To prevent data directories from receiving invalid data during the restoration period, stop both Zookeeper and Kafka. Run the following commands:
- Run exit to become a non-root user, then run the command:
```
sudo systemctl stop kafka
```
- Stop the Zookeeper service:
```
sudo systemctl stop zookeeper
```
Login as Kafka root user. Run the command:
```
sudo -iu kafka
```
Delete the existing cluster data directory, run the command:
```
rm -r /tmp/zookeeper/*
```
Restore the backedup data, run the command:
```
tar -C /tmp/zookeeper -xzf /home/kafka/zookeeper-backup.tar.gz --strip-components 2
```
Note:
The -C flag specifies the tar to change to the directory /tmp/zookeeper before extracting the data. Specifying --strip 2 flag in the command ensures tar extracts the archive’s contents in the directory /tmp/zookeeper/ and not in any another directory (such as /tmp/zookeeper/tmp/zookeeper/) inside it.
Cluster state data is successfully restored.
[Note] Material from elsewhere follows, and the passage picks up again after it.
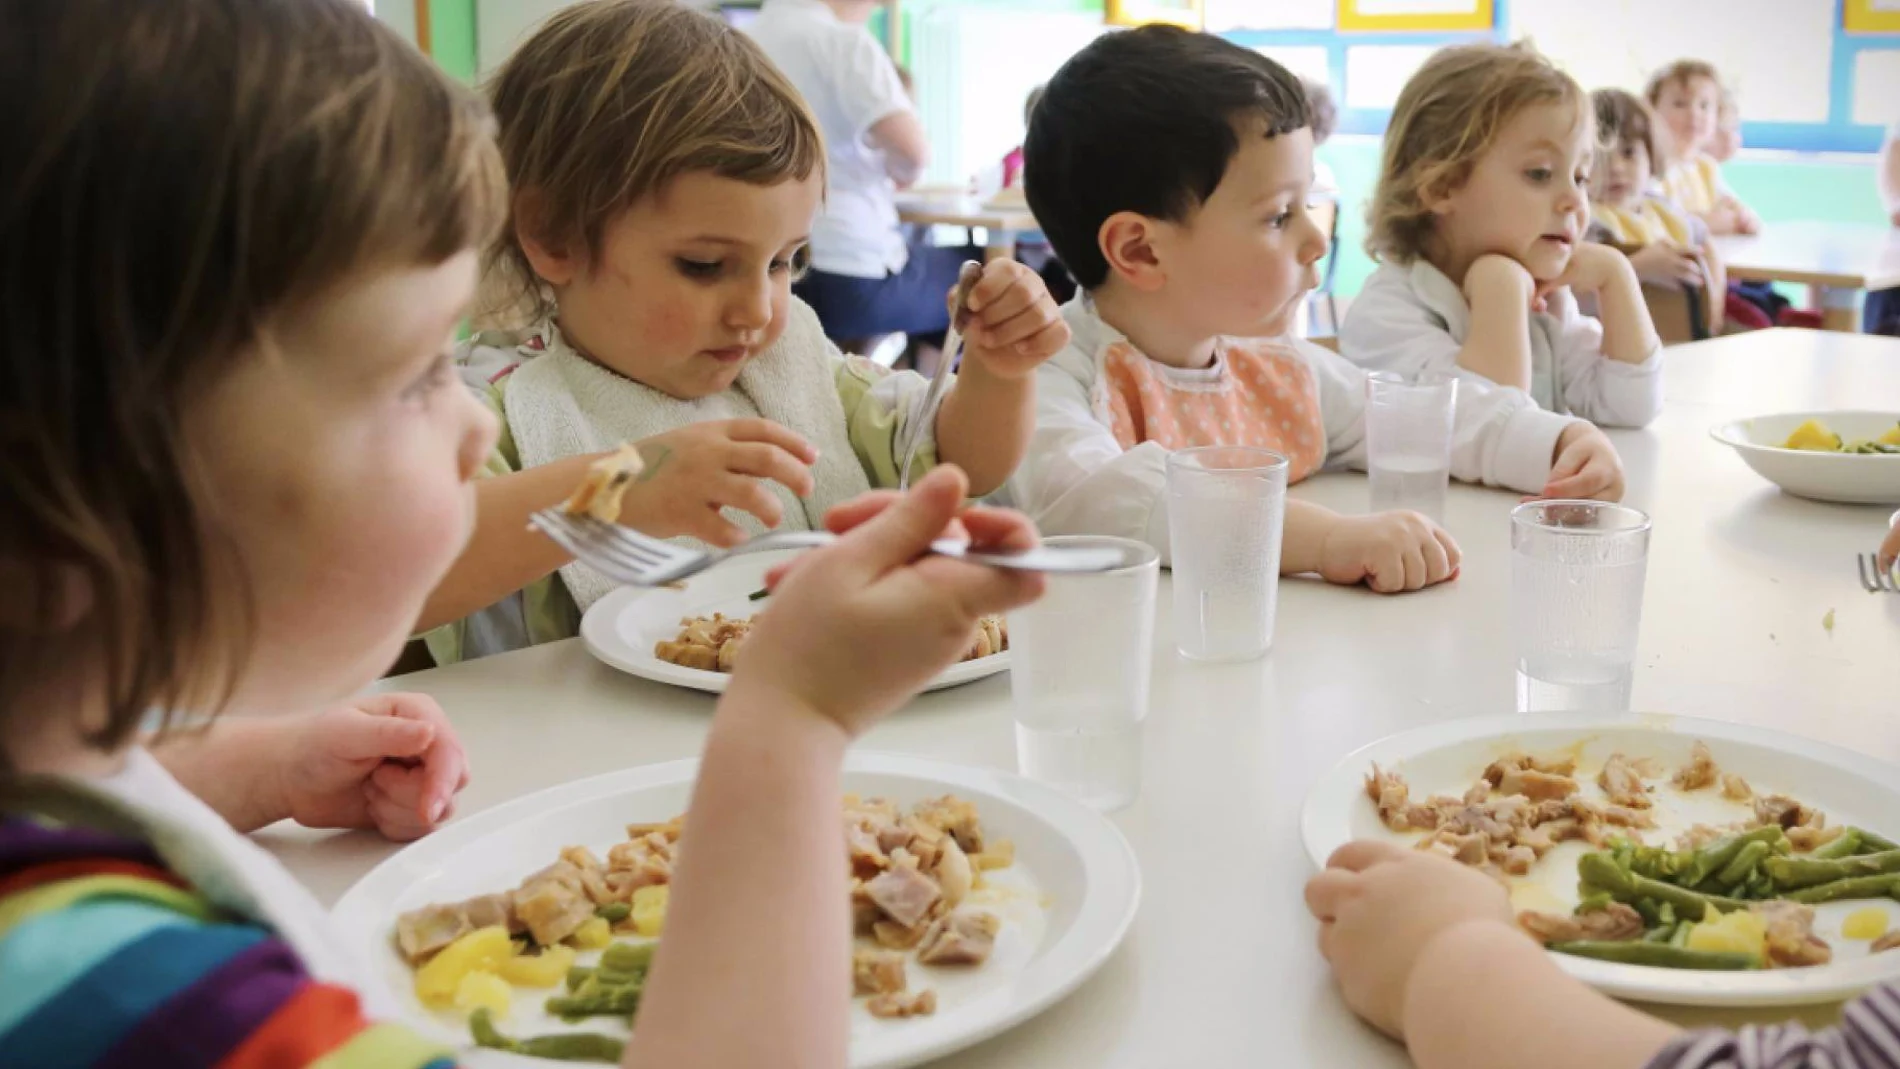 Madrid lanza una campaña para fomentar hábitos de alimentación y actividad física a más de 56.000 alumnos de Infantil

Restore Kafka Data and Messages

Delete the existing Kafka directory, run the command:
```
rm -r /tmp/kafka-logs/*
```
After directory deletion, the Kafka installation is similar to a fresh installation with no topics or messages present in it. Restore the backed up data, extract the files:
```
tar -C /tmp/kafka-logs -xzf /home/kafka/kafka-backup.tar.gz --strip-components 2
```
The -C flag specifies tar to change to the directory /tmp/kafka-logs before extracting the data. Specifying --strip 2 flag ensures that the archive’s contents are extracted in /tmp/kafka-logs/ and not in another directory (such as /tmp/kafka-logs/kafka-logs/) inside it.
Run exit to become a non-root user, then run the command:
```
sudo systemctl start kafka
```
Start the Zookeeper service
```
sudo systemctl start zookeeper
```
Login as Kafka root user. Run the command:
```
sudo -iu kafka
```
Kafka data is successfully restored.

Verify the Restoration

Once Kafka is successfully running, run the following command to read the messages:

~/kafka/bin/kafka-console-consumer.sh --bootstrap-server localhost:9092 --topic <TopicName> --from-beginning

Note:

If Kafka has not started up properly, you might encounter the following warning:

Output
[2018-09-13 15:52:45,234] WARN [Consumer clientId=consumer-1, groupId=console-consumer-87747] Connection to node -1 could not be established. Broker may not be available. (org.apache.kafka.clients.NetworkClient)

Always wait for Kafka to start fully before performing this step.

Retry the previous step if you encountered a warning, or run the following command (as non-root sudo user) to restart Kafka:
```
sudo systemctl restart kafka
```
The following message is displayed if restoration is successful:
```
Output
<Topic Message>
```
Note:
If you do not see this message, check if you missed out procedure steps in the previous section and run them.

A successful verification implies, data has been backed up and restored correctly in a single Kafka installation.